This review will focus on the utility of PPARγ agonists as an adjunctive therapy for the treatment of cerebral malaria. The current knowledge of PPARγ agonist use in malaria will be summarized. We will also summarize data on additional mechanisms of action attributed to PPARγ agonists that may be of benefit in cerebral malaria.

2. The Pathogenesis of Cerebral Malaria

Cerebral malaria is a severe complication of P. falciparum infection. It occurs in nonimmune individuals, with the greatest burden born by children in sub-Saharan Africa. Although the parasite is a key player in the development of cerebral malaria, hyperparasitemia does not necessarily correlate with disease severity, and cerebral pathology can develop even with the use of effective antiparasitic therapy. It has long been recognized that the host immune response plays an important role in mediating pathology in malaria, and this has fueled the search for effective immunomodulatory adjunctive therapies.

Sequestration of parasitized erythrocytes (PEs) in the microvasculature of the brain (and other organs), resulting in vascular occlusion and local tissue hypoxia and ischemia, is the hallmark feature of cerebral malaria [12]. Sequestration of PEs occurs via receptor-ligand interactions, with parasite-derived ligands expressed on the surface of PEs (a major one being P. falciparum erythrocyte membrane protein-1 or Pfemp-1) binding to receptors expressed on microvascular endothelial cells. Postmortem, in vitro, and genetic studies support that ICAM-1 is the major sequestration receptor for PEs in the brain, while the scavenger receptor CD36 is the major receptor outside the brain [1321].

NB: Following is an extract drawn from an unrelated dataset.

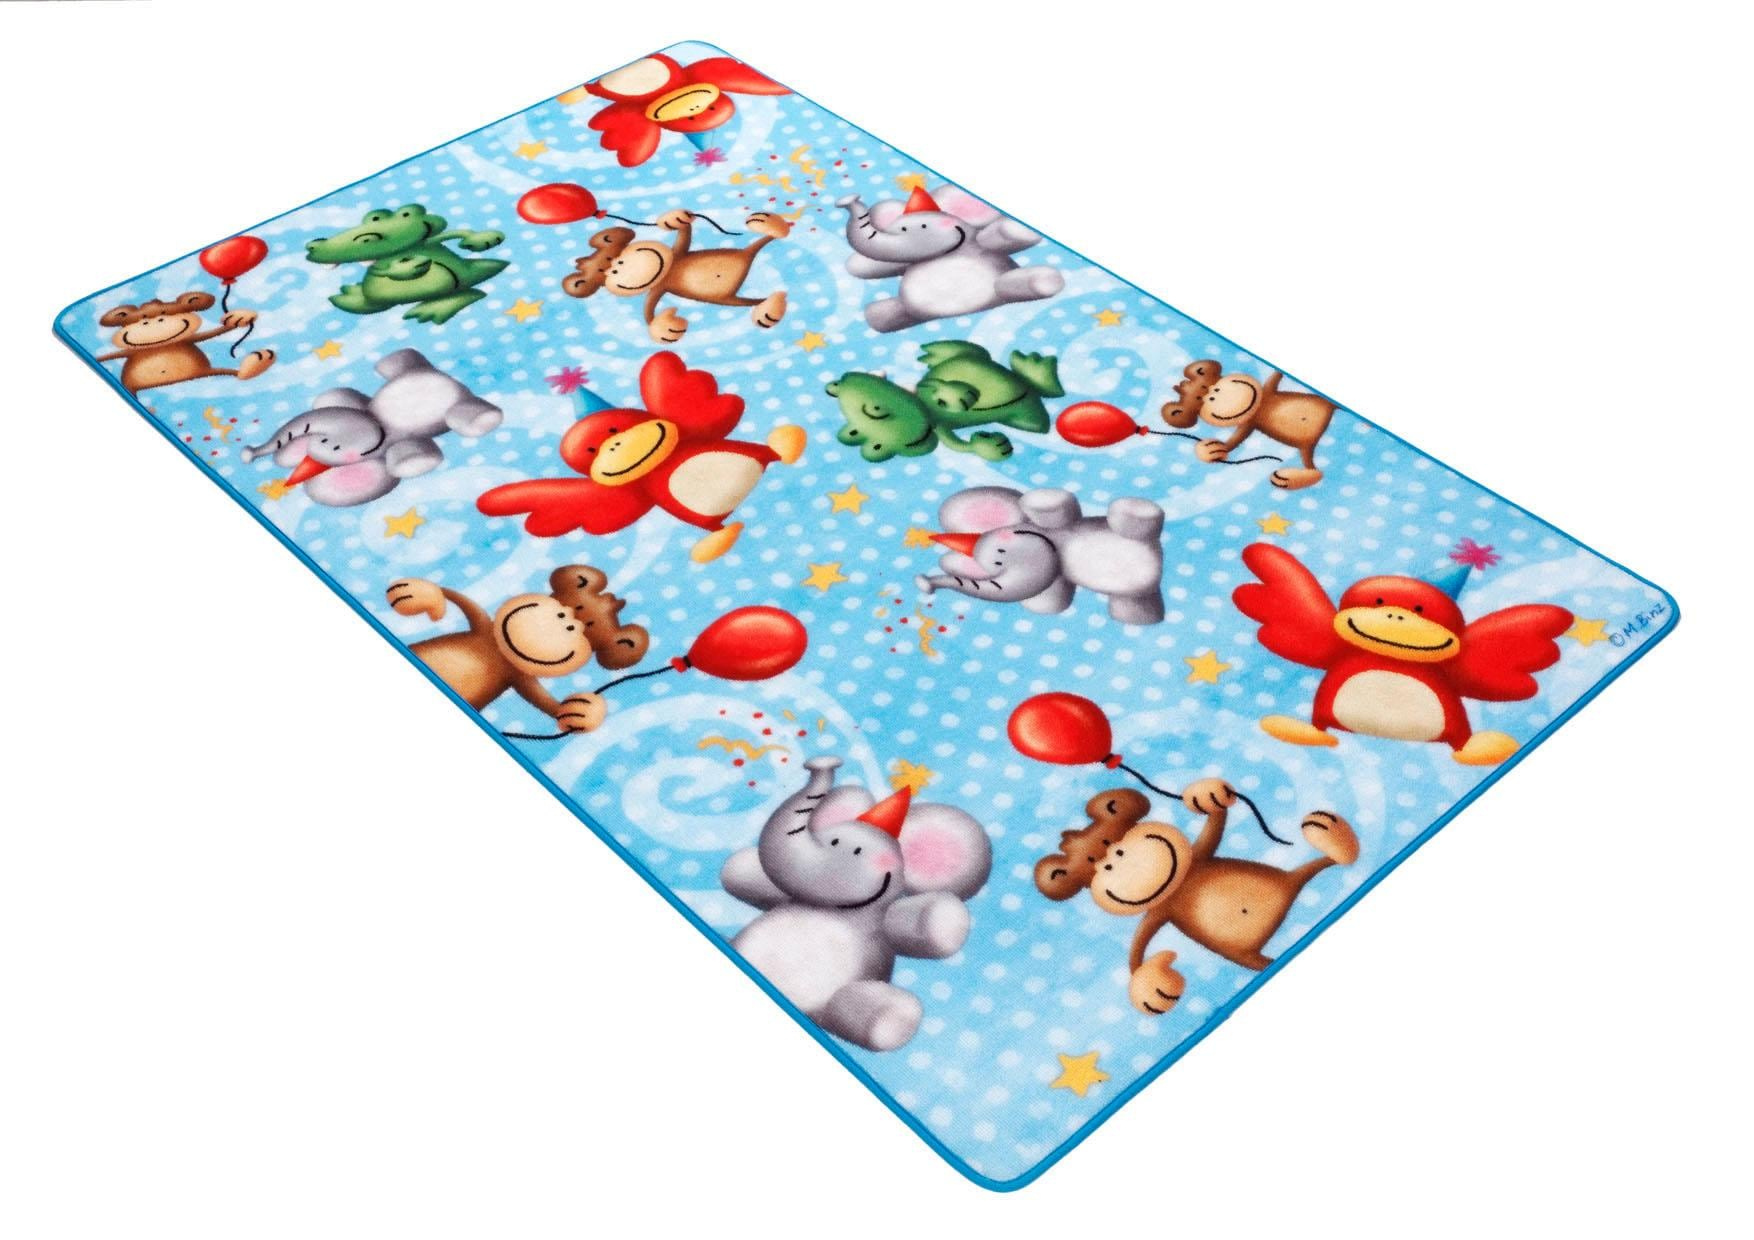 Kinderteppich Lovely Kids LK-4 Böing Carpet rechteckig Höhe 2 mm

Parasites produce a variety of bioactive molecules that can elicit innate immune responses in the host [22]. An excessive inflammatory response with elevated levels of pro-inflammatory cytokines, especially TNF, is a major contributor to cerebral malaria pathology [23]. TNF, produced by activated endothelium and recruited leukocytes, can upregulate cell adhesion molecules, including ICAM-1, and exacerbate PE sequestration. Higher levels of TNF have been observed in cerebral malaria and correlated with mortality [2426], and genetic predisposition to overproduce TNF in response to infection has been associated with susceptibility to cerebral malaria [27, 28]. Elevated levels of TNF are also seen in the cerebral spinal fluid (CSF) of infected children and correlated with encephalopathy [29]. Interestingly, CSF TNF levels did not correlate with serum levels, implying independent cerebral generation of TNF. Elevated levels of additional inflammatory mediators including IFNγ, IL-6, IL-1β, IL-1ra, IL-10, MIP-1α and MIP-1β, MCP-1, and IP-10 have been observed in cerebral malaria patients [26, 3034].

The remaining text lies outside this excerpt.